Say what you will about Elon Musk, but when the technological disrupter sets his mind to something, he plays to win.
Founded only in July of last year, his latest artificial intelligence startup, xAI, just brought a new supercomputer dubbed Colossus online during the Labor Day weekend designed to train its large language model (LLM) known as Grok, a rival to Open AI’s better known GPT-4.
While Grok is limited to paying subscribers of Musk’s X social media platform, many Tesla experts speculate it will eventually form the artificial intelligence powering the EV manufacturer’s humanoid robot Optimus.
Musk estimates this strategic lighthouse project could eventually earn Tesla $1 trillion in profits annually.
Located in Tennessee, the new xAI data center houses 100,000 Nvidia benchmark Hopper H100 processors, more than any other individual AI compute cluster.
“From start to finish, it was done in 122 days,” Musk wrote, calling Colossus “the most powerful AI training system in the world.”
This weekend, the @xAI team brought our Colossus 100k H100 training cluster online. From start to finish, it was done in 122 days.
— Elon Musk (@elonmusk) September 2, 2024
Colossus is the most powerful AI training system in the world. Moreover, it will double in size to 200k (50k H200s) in a few months.
Excellent…
It doesn’t end there for xAI, either: Musk estimates he will double Colossus's compute capacity in a matter of months once he can procure 50,000 chips of Nvidia’s new, more advanced H200 series, which are roughly twice as powerful.
Musk and xAI did not respond to requests from Fortune for comment.
Built to train Grok-3, potentially the next leader in AI models
The pace at which Colossus has been set up is blistering given xAI had selected its Memphis site only in June.
Moreover, several heavy-hitting tech firms, including Microsoft, Google, and Amazon, are competing to acquire Nvidia’s prized Hopper series AI chips in the current AI gold rush alongside Musk.
But the AI entrepreneur is a valued customer of Nvidia and pledged to spend $3 billion to $4 billion this year on CEO Jensen Huang’s hardware—just for Tesla alone.
Moreover, xAI enjoyed a head start by helping itself to Tesla’s supply of AI chips already delivered to the EV manufacturer.
The Memphis cluster will train Musk’s third generation of Grok.

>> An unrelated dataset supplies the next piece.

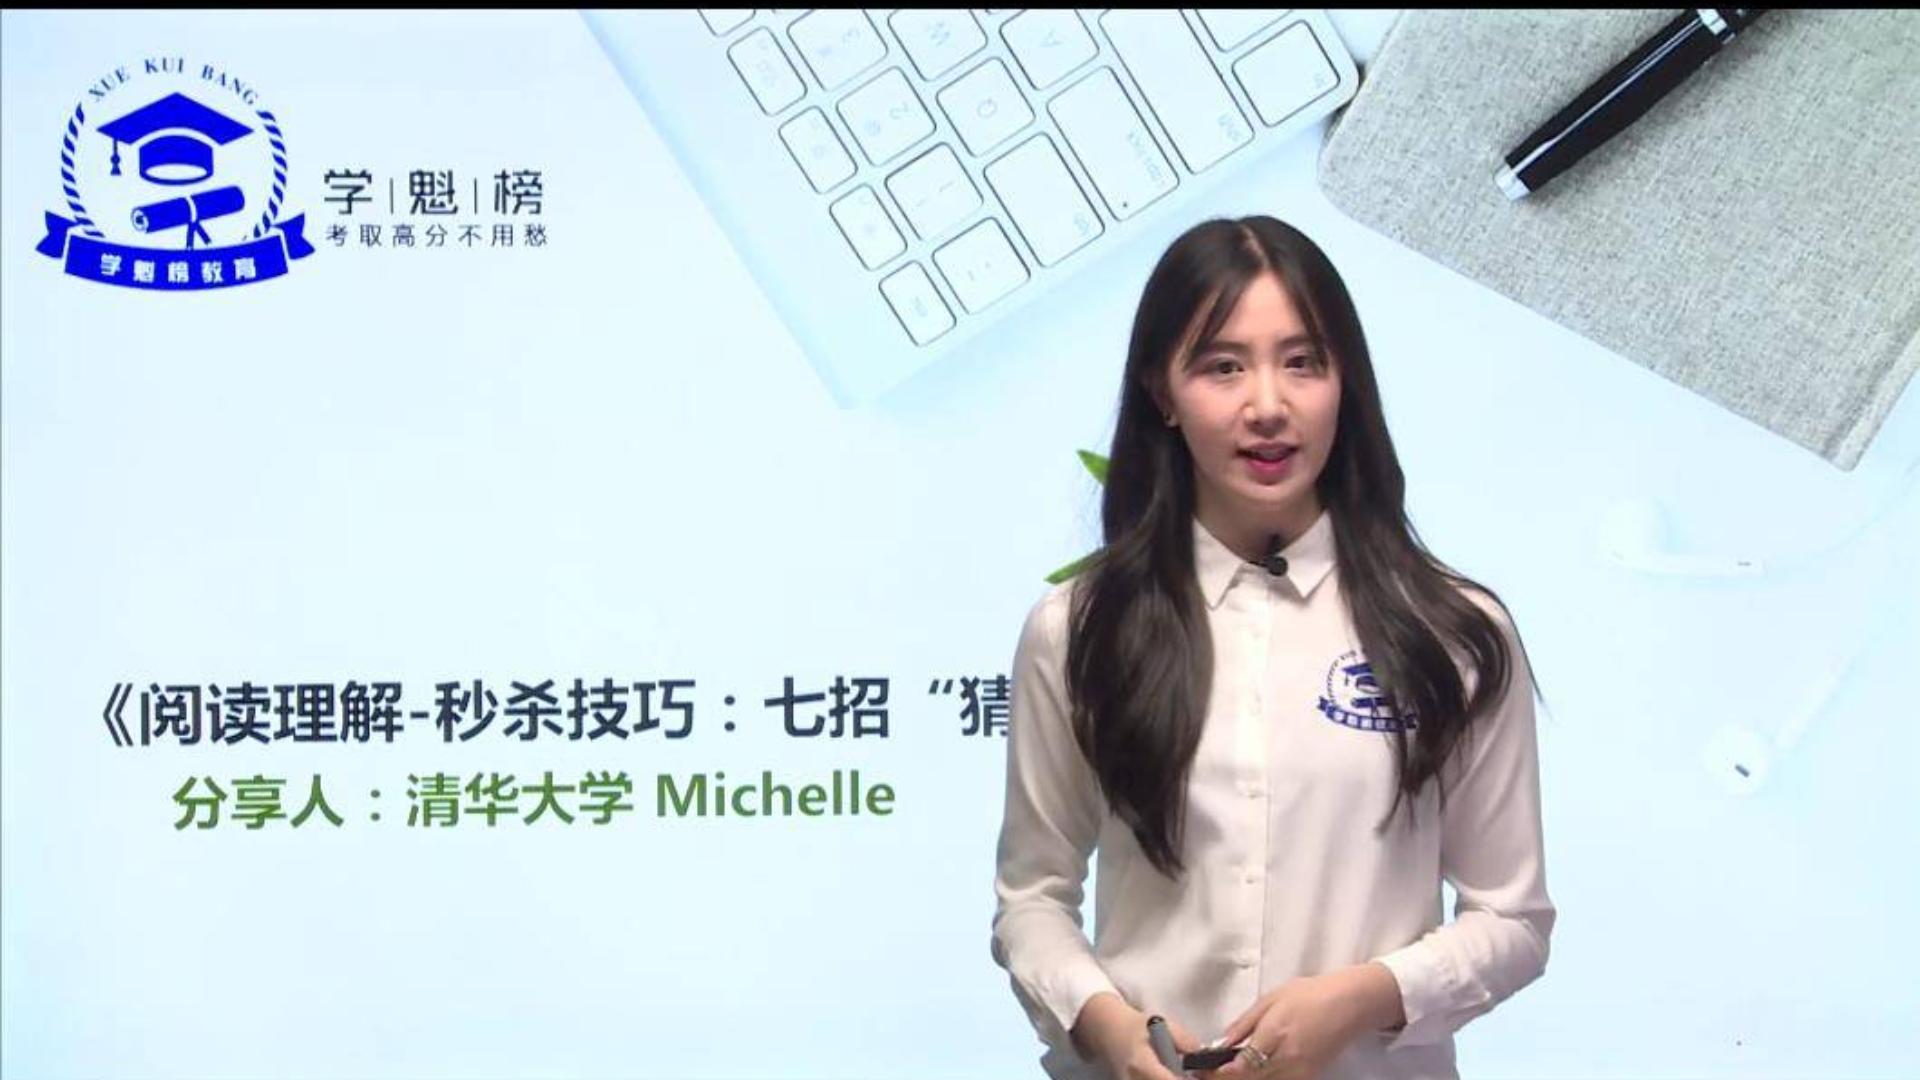 清华学姐带你飞 阅读理解秒杀技巧 7招猜懂词义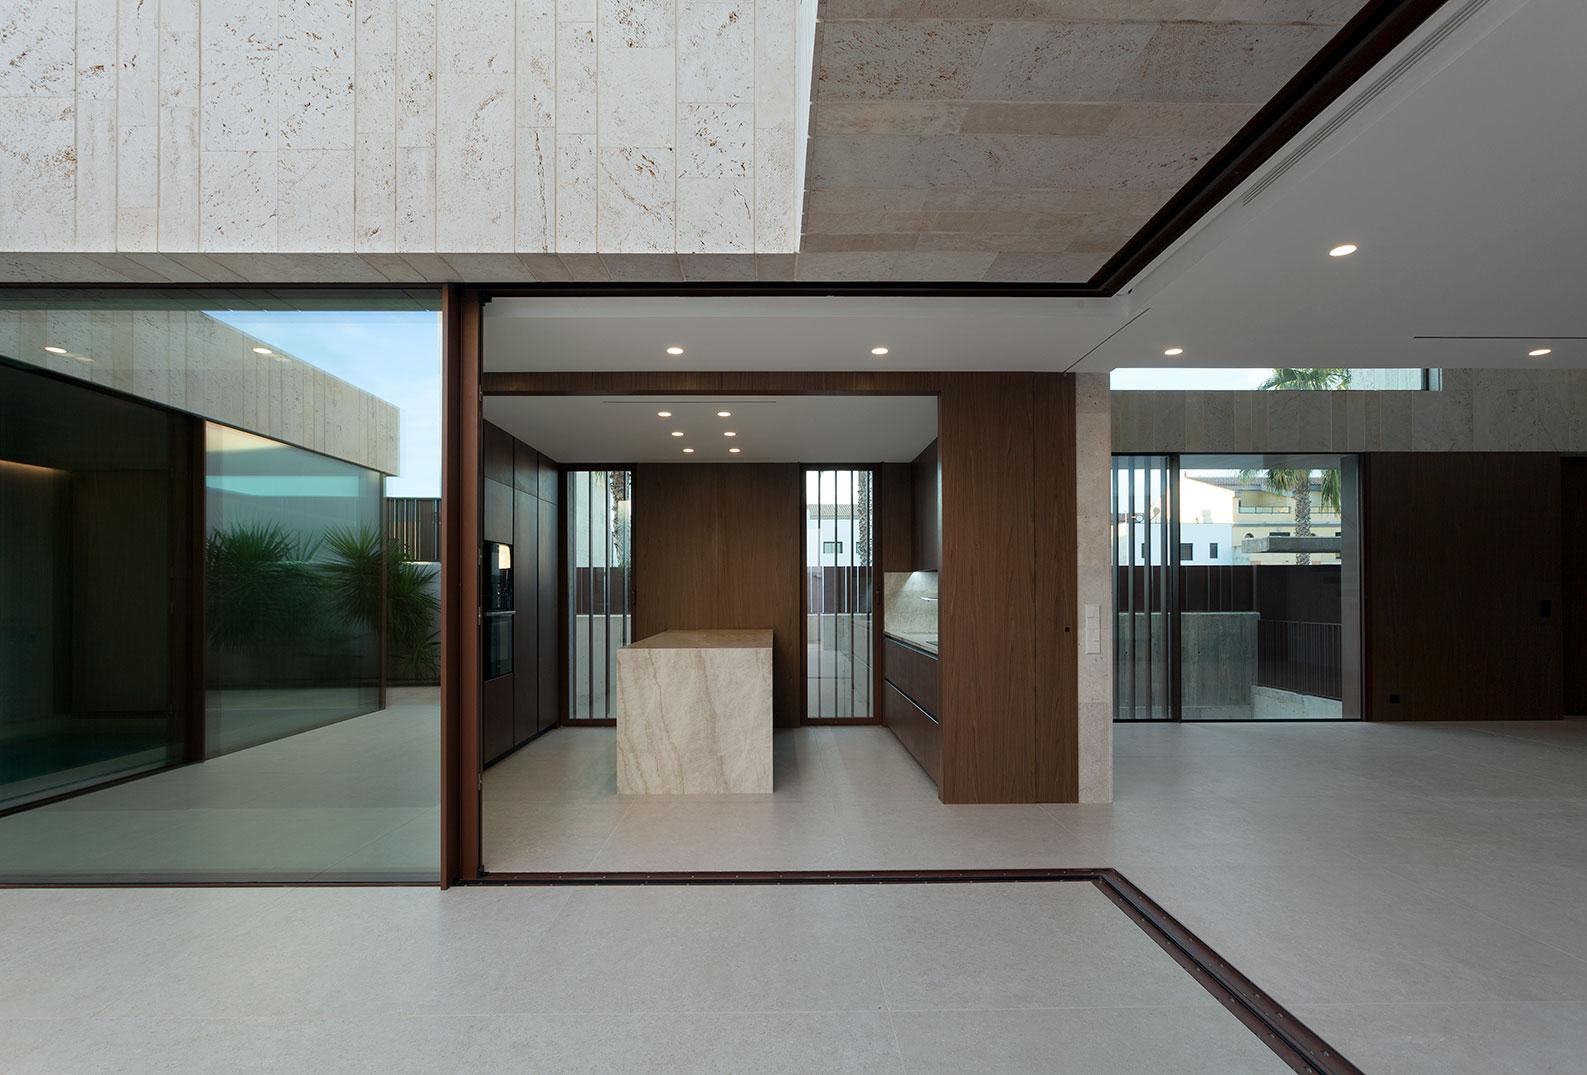 #InsideArchitecture con Antonio Altarriba: la importancia de crear hogares que hagan felices a sus habitantes.

"We're hoping to release Grok-3 by December, and Grok-3 should be the most powerful AI in the world at that point," he told conservative podcaster Jordan Peterson in July.
An early beta of Grok-2 just rolled out to users last month.
It was trained on only around 15,000 Nvidia H100s graphic processors, yet by some standards, it is already among the most capable AI large language models, according to competitive chatbot leaderboards.
Upping that GPU count nearly sevenfold suggests Musk has no intention of surrendering the race to develop artificial general intelligence to OpenAI, which he helped cofound in late 2015 after becoming worried that Google was dominating the technology.
Musk later fell out with CEO Sam Altman and is now suing the company a second time.
To help even the odds, xAI raised $6 billion in a Series B funding round in May, with the help of venture capitalists like Andreessen Horowitz and Sequoia Capital, as well as deep-pocketed investors like Fidelity and Saudi Prince Alwaleed bin Talal’s Kingdom Holding.
Tesla could be the next company to invest in Musk's xAI
Musk has also indicated he would propose to Tesla's board a vote on whether to invest potentially $5 billion into xAI as well, a step welcomed by a number of shareholders.
Of the roughly $10B in AI-related expenditures I said Tesla would make this year, about half is internal, primarily the Tesla-designed AI inference computer and sensors present in all of our cars, plus Dojo.
— Elon Musk (@elonmusk) June 4, 2024
For building the AI training superclusters, NVidia hardware is about…
xAI’s supercomputer cluster has caused alarm in Memphis, however, given the extreme haste with which city officials agreed to the project, which brings economic activity back to a part of the city that last housed an Electrolux factory for white goods.
One main concern is the strain it will create on the city’s resources. Officials of municipal utility MLGW estimate that Colossus requires up to 1 million gallons of water per day to cool the servers and will consume as much as 150 megawatts of power.
But Musk is someone who only thinks big, and anything worth doing is worth doing fast—otherwise you risk falling behind the competition.
Speaking to Lex Fridman after the podcaster visited xAI’s rapidly growing operations, Musk said speed was a key part of his five-step management process.
“Any given thing can be sped up. However fast you think it can be done,” he said last month, “it can be done faster.”